Depending on the type of experiment being performed, Type-I and Type-II errors also need to be handled. These are the cases of false positives and false negatives that are important to understand and eliminate in order to make sense from the result of the experiment.

statistical treatment in a research paper

Treatment of Data and Distribution

Trying to classify data into commonly known patterns is a tremendous help and is intricately related to statistical treatment of data. This is because distributions such as the normal probability distribution occur very commonly in nature that they are the underlying distributions in most medical, social and physical experiments.

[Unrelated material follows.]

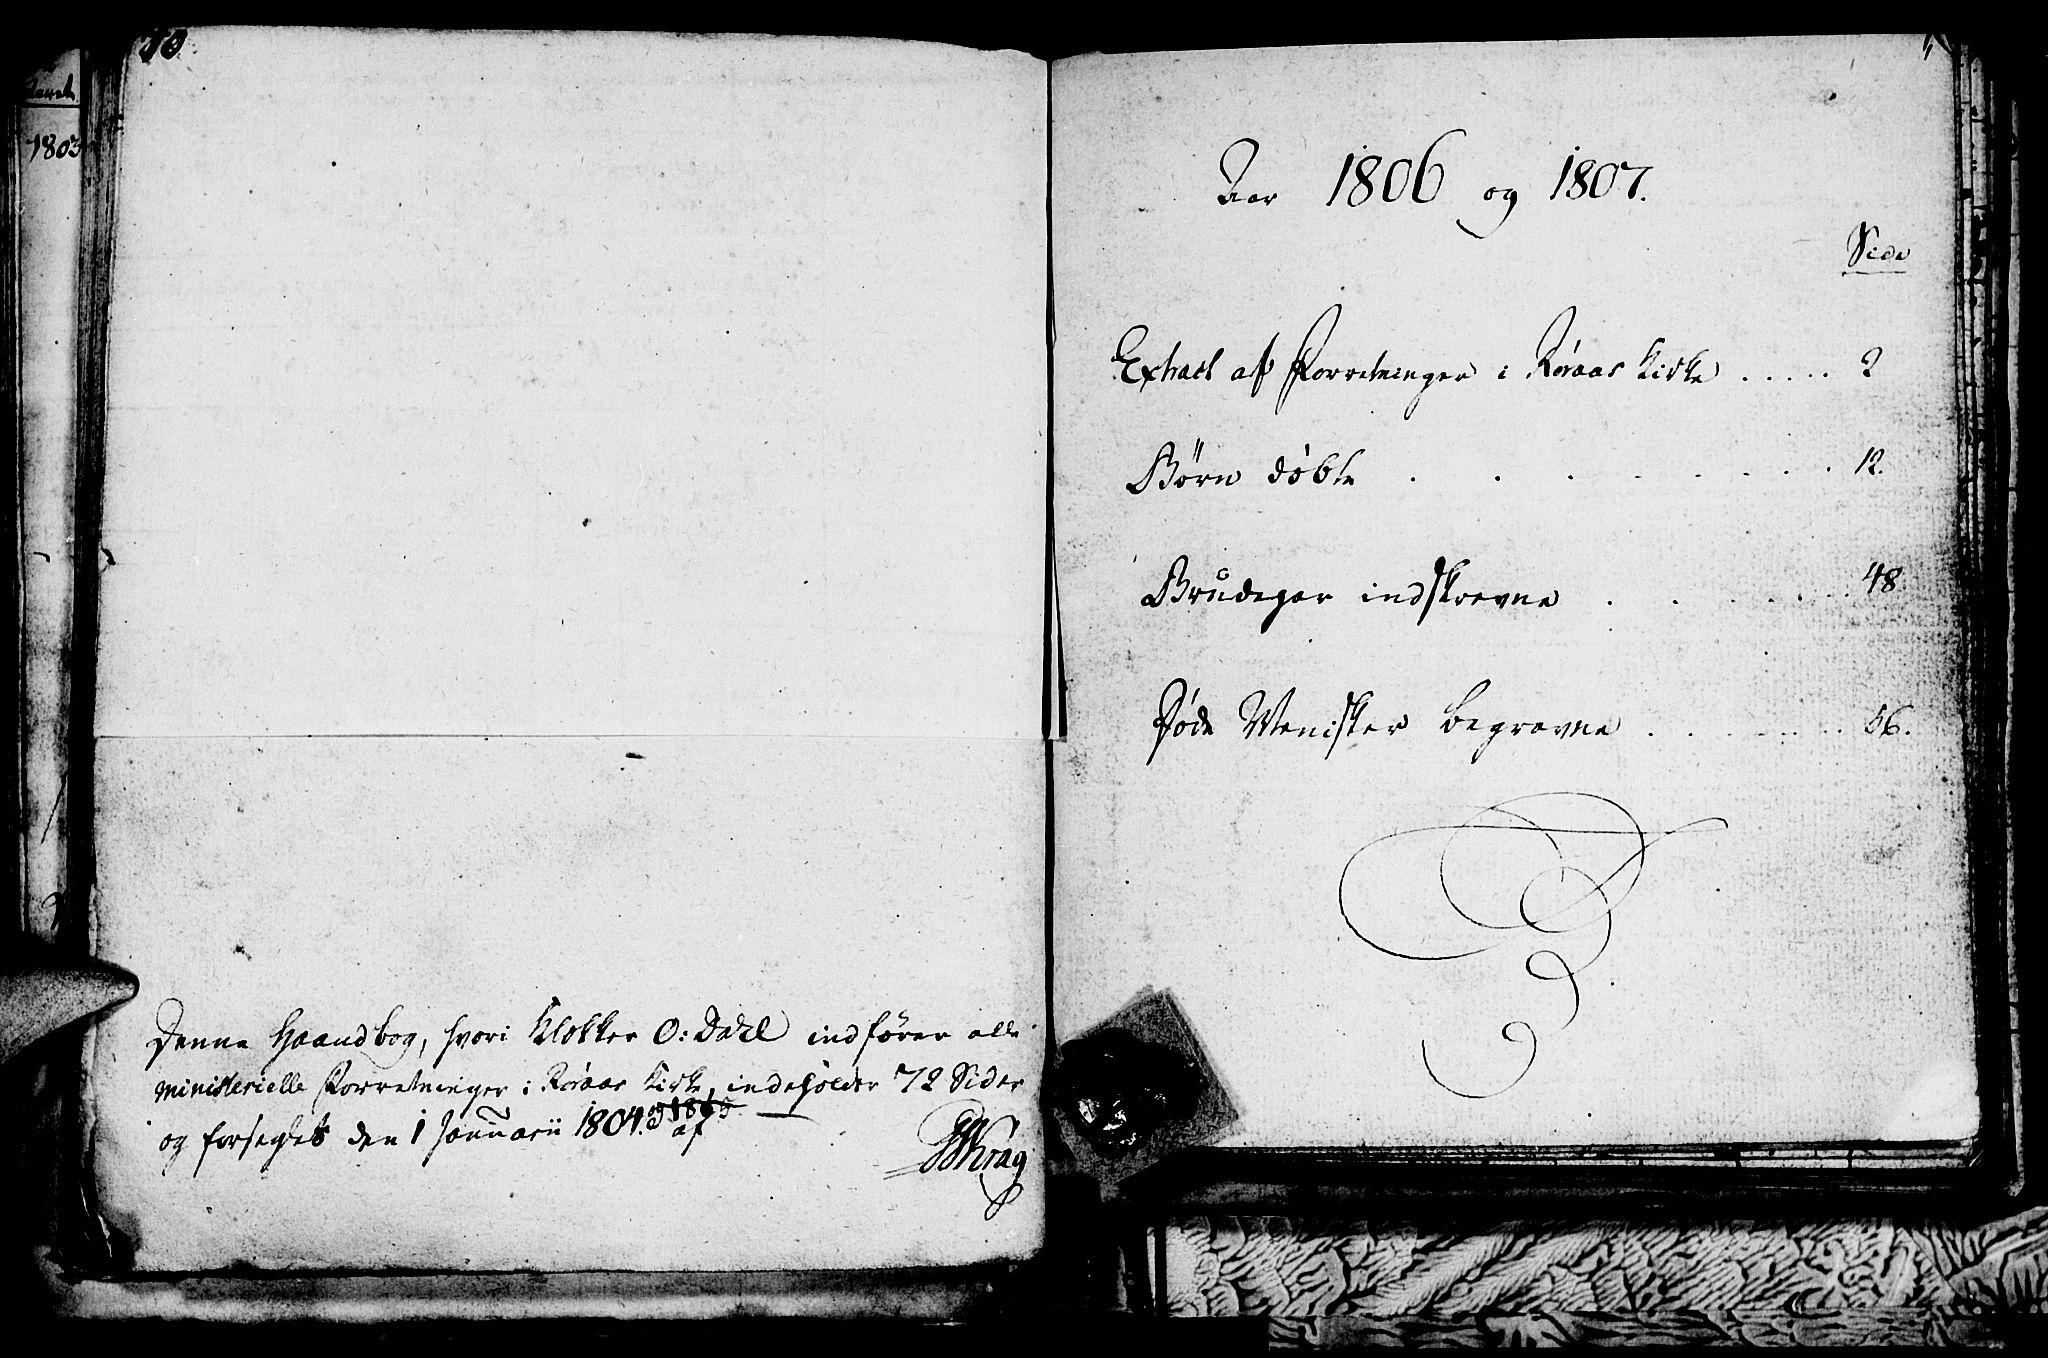 SAT, Ministerialprotokoller, klokkerbøker og fødselsregistre - Sør-Trøndelag, 681/L0937: Klokkerbok nr. 681C01, 1798-1810, s. 70-1

Therefore if a given sample size is known to be normally distributed, then the statistical treatment of data is made easy for the researcher as he would already have a lot of back up theory in this aspect. Care should always be taken, however, not to assume all data to be normally distributed, and should always be confirmed with appropriate testing.

Statistical treatment of data also involves describing the data. The best way to do this is through the measures of central tendencies like mean , median and mode . These help the researcher explain in short how the data are concentrated. Range, uncertainty and standard deviation help to understand the distribution of the data. Therefore two distributions with the same mean can have wildly different standard deviation, which shows how well the data points are concentrated around the mean.

Statistical treatment of data is an important aspect of all experimentation today and a thorough understanding is necessary to conduct the right experiments with the right inferences from the data obtained.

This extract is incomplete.